- What is needed -
Starting with the line with "تولیدی صندلی اپن" in the entries below and going on through the line with "SBF_WeedWhackers_TshirtMockup.jpg", output every line exactly and nothing more. No pictures.

- Listed records -
==========
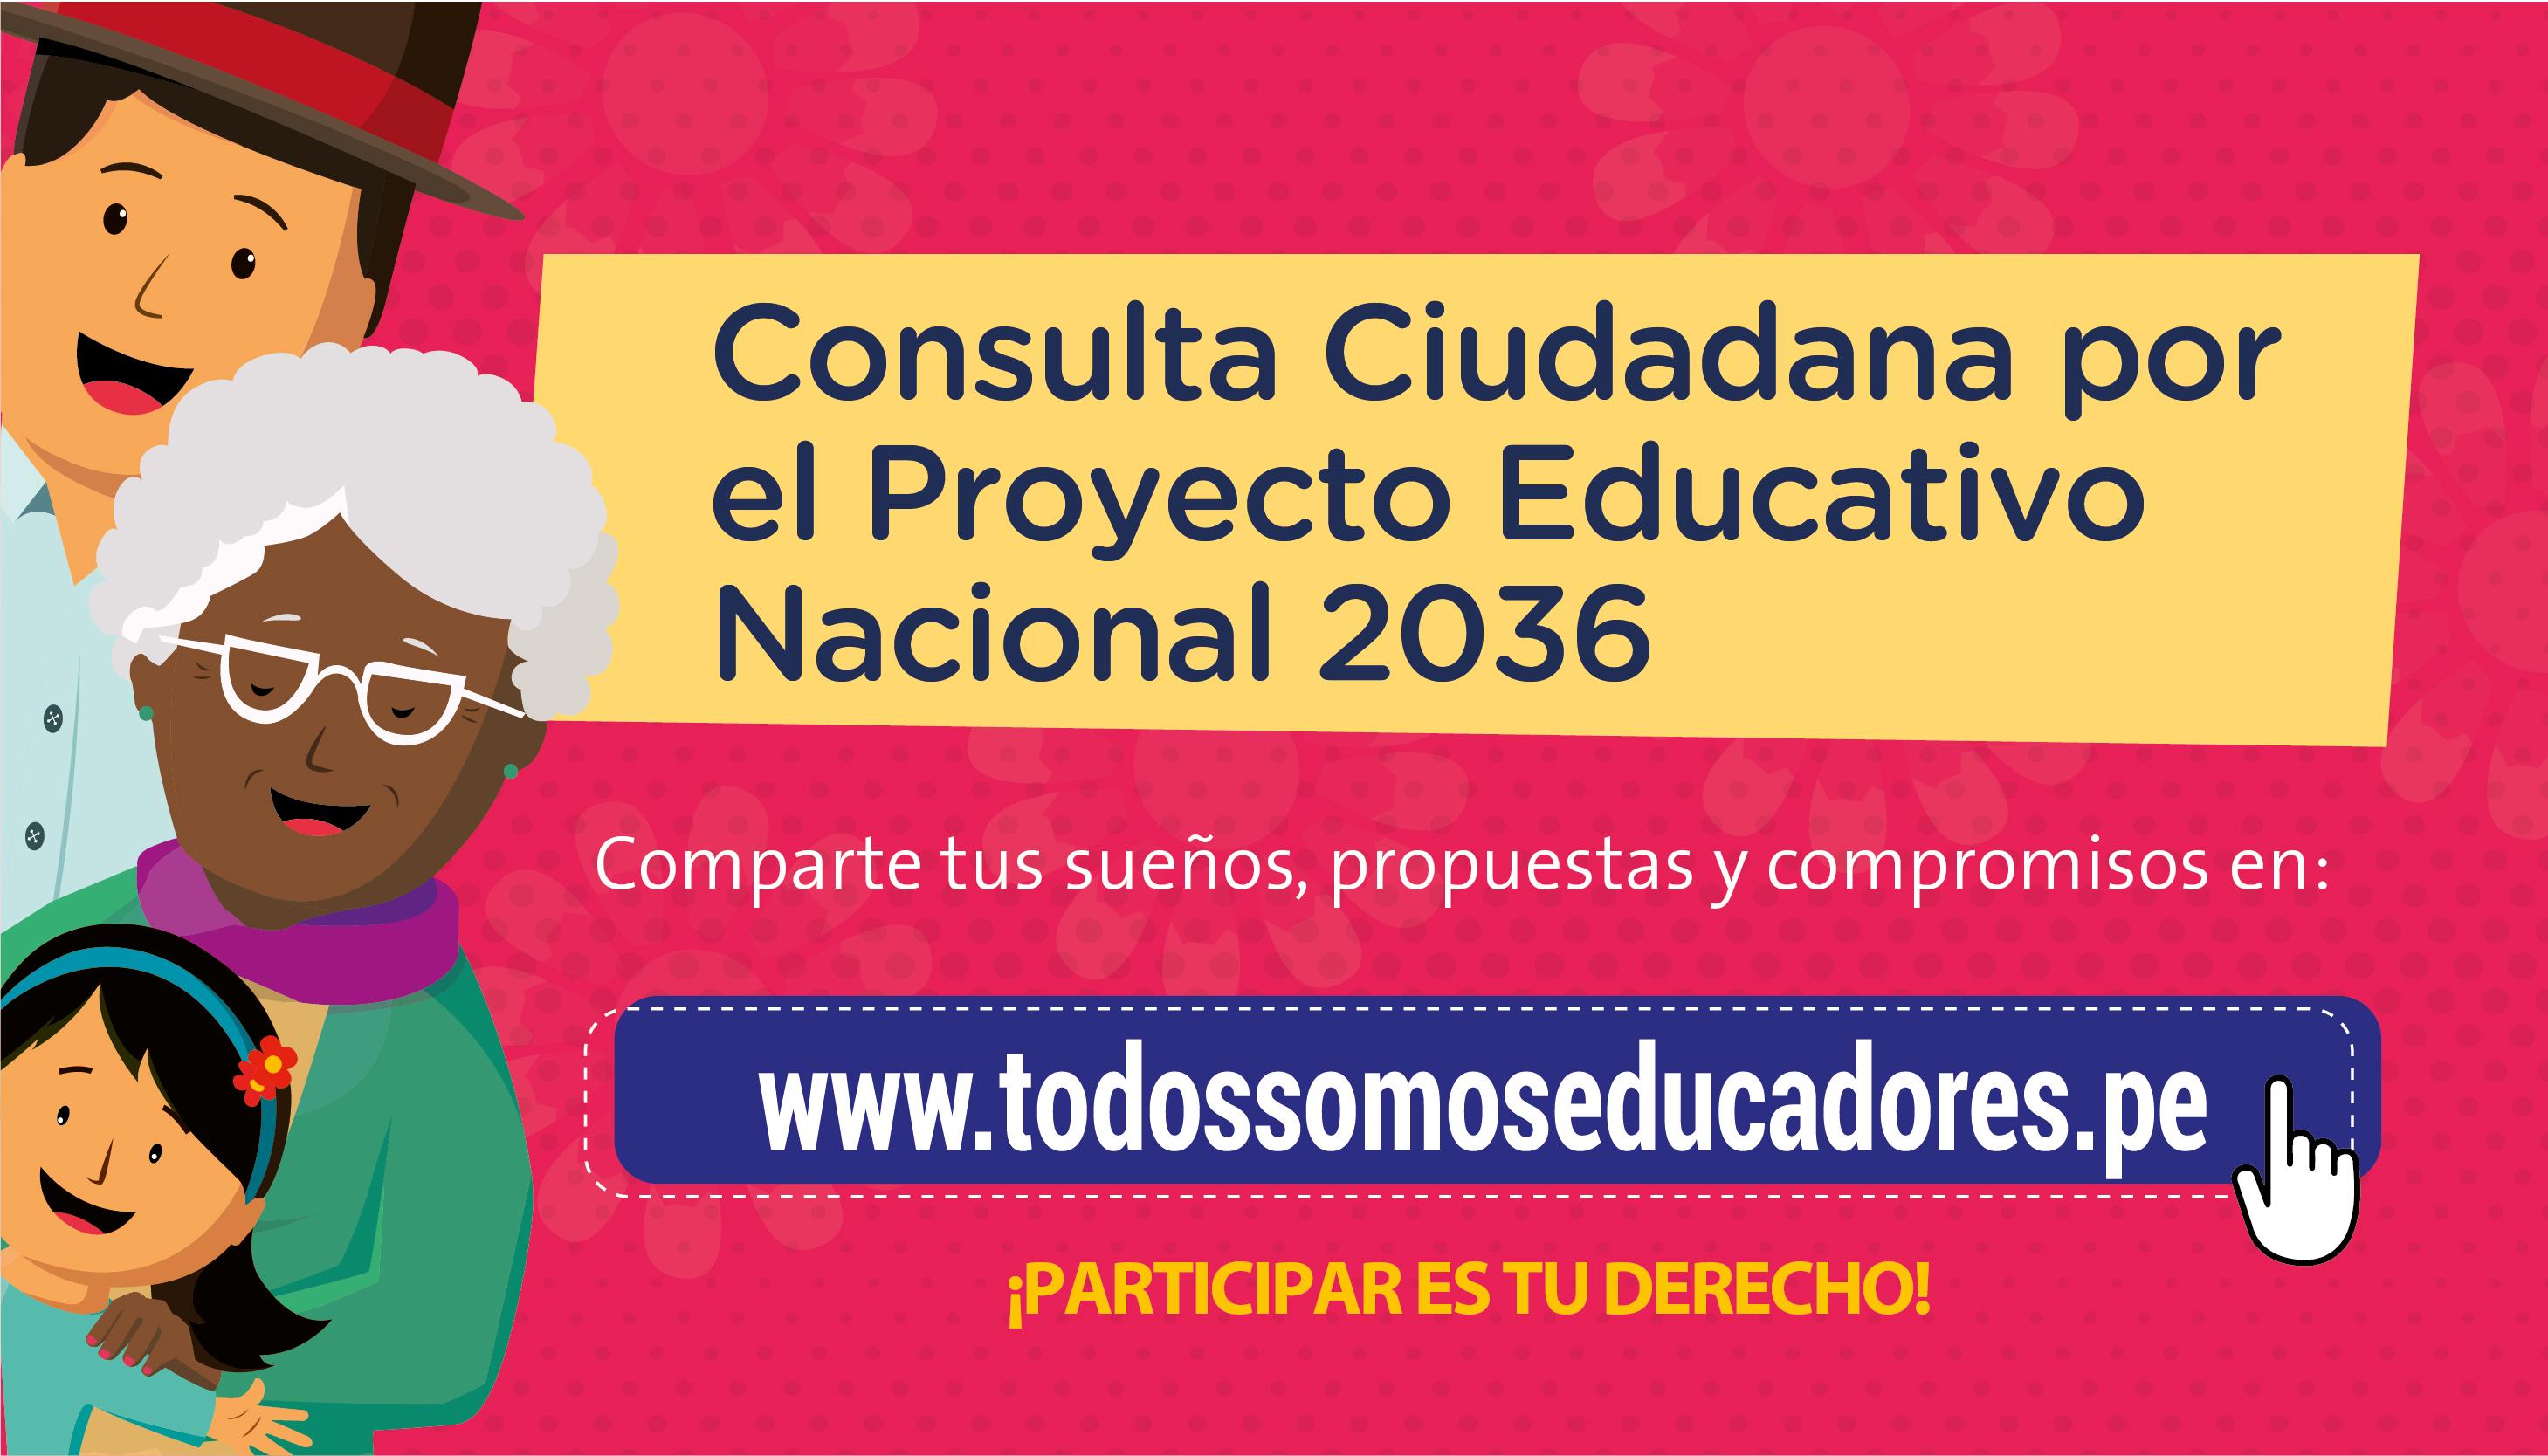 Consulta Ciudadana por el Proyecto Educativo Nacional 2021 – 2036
==========
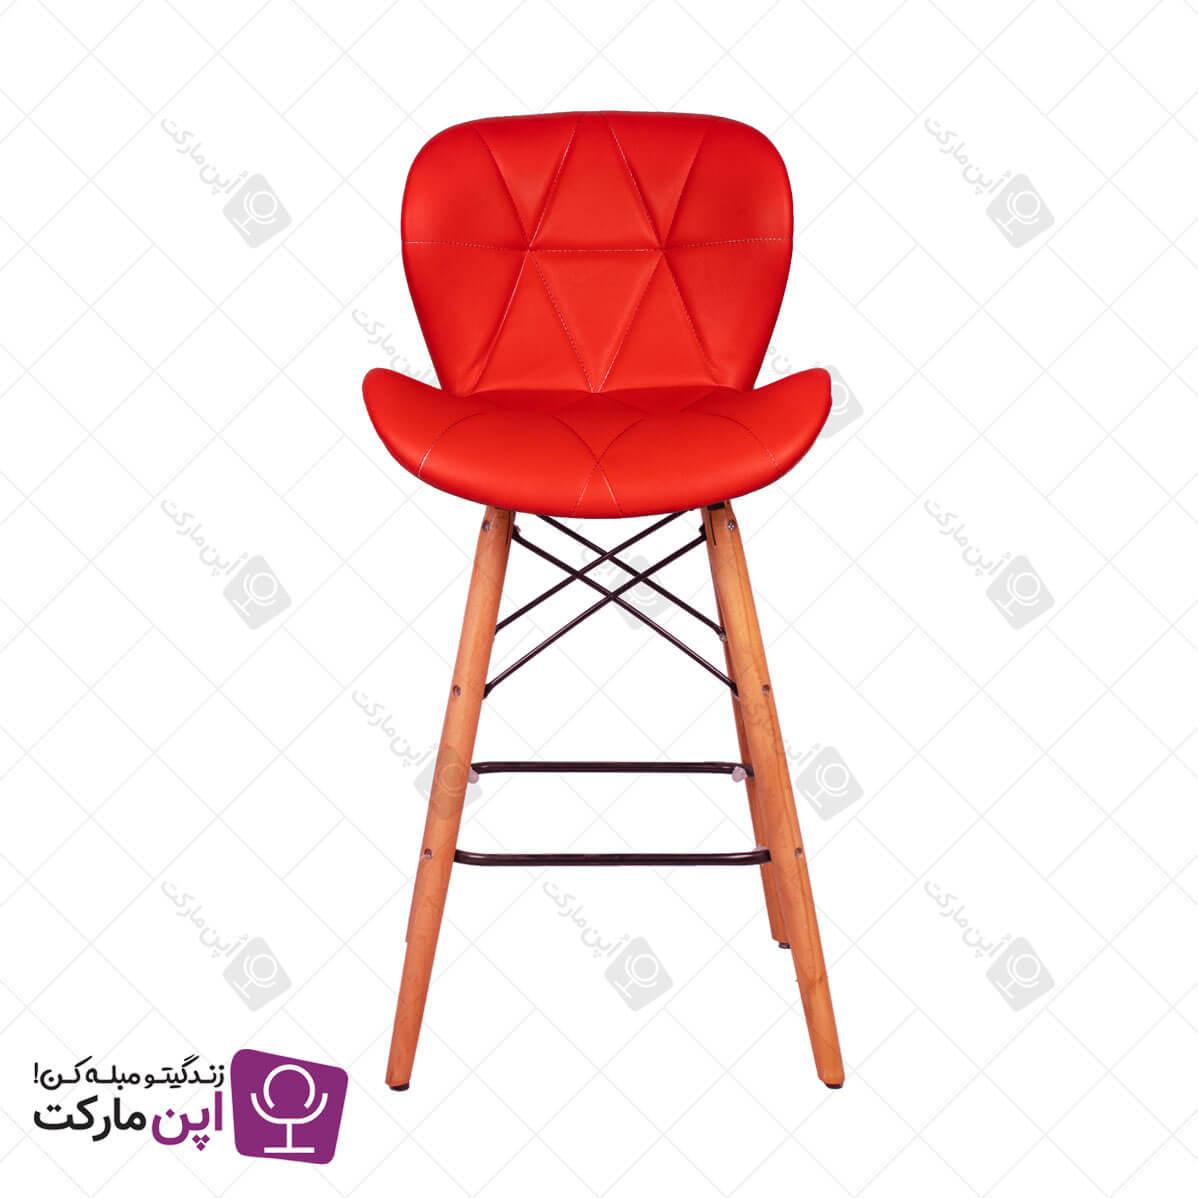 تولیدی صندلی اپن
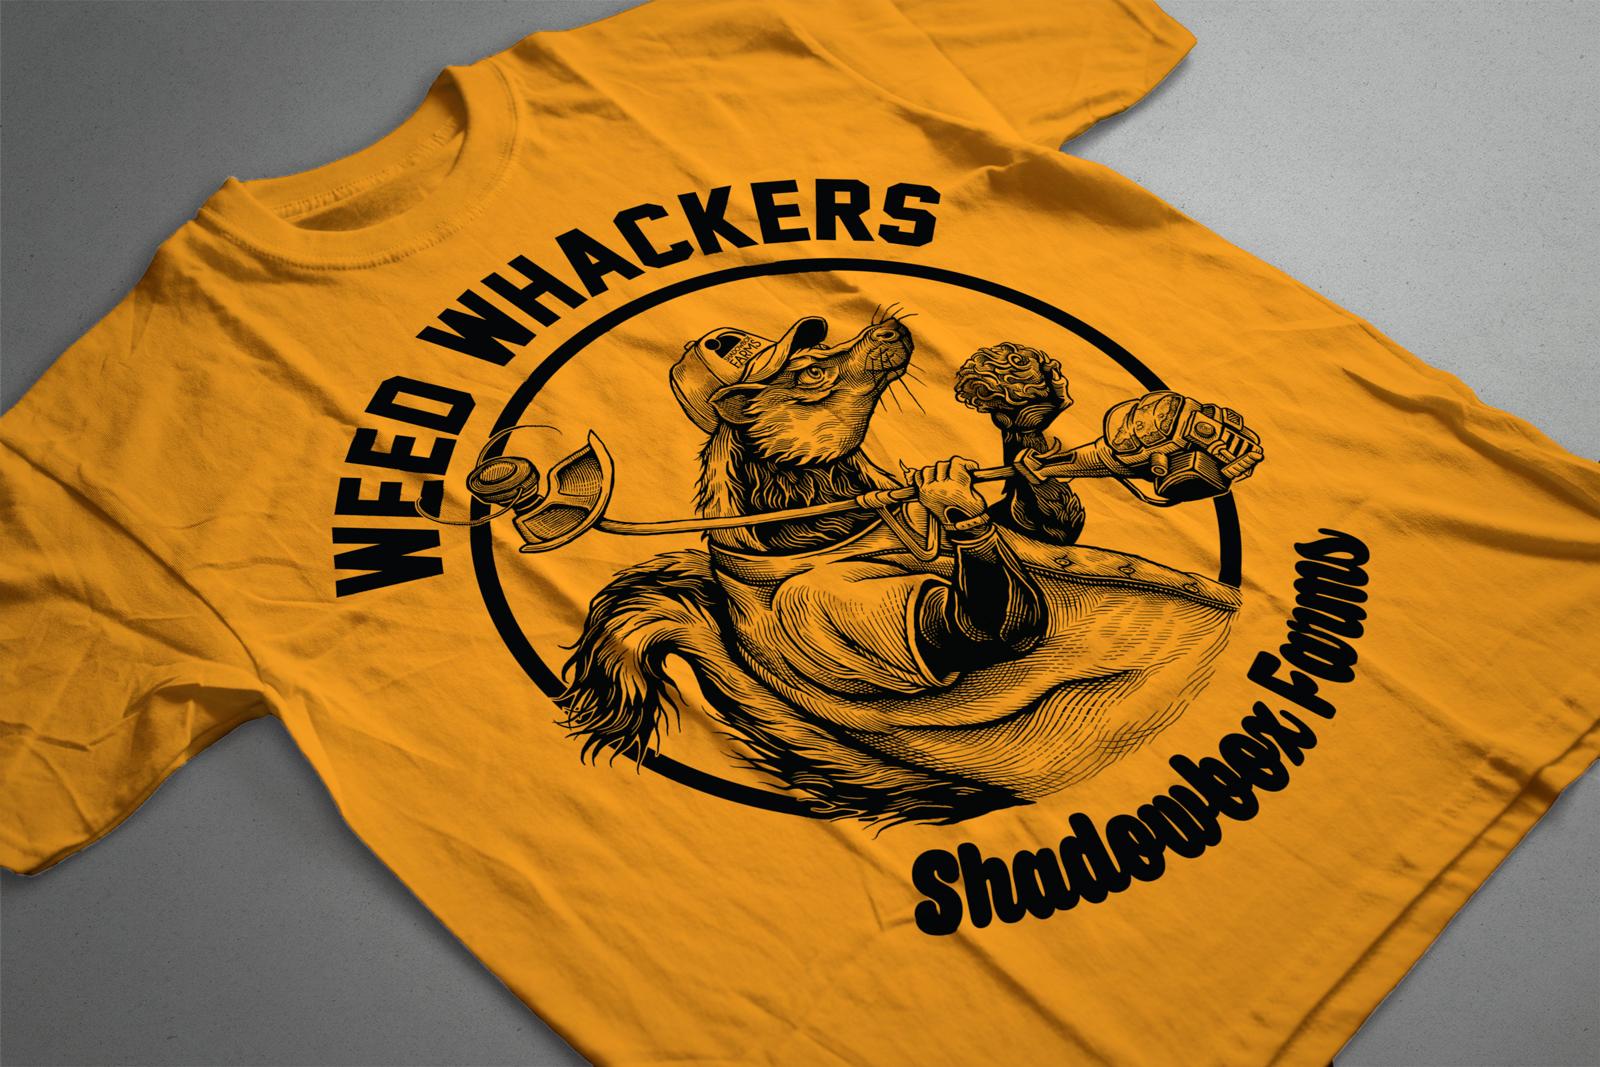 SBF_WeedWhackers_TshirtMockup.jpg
==========
- Reply to the exercise -
 تولیدی صندلی اپن
 SBF_WeedWhackers_TshirtMockup.jpg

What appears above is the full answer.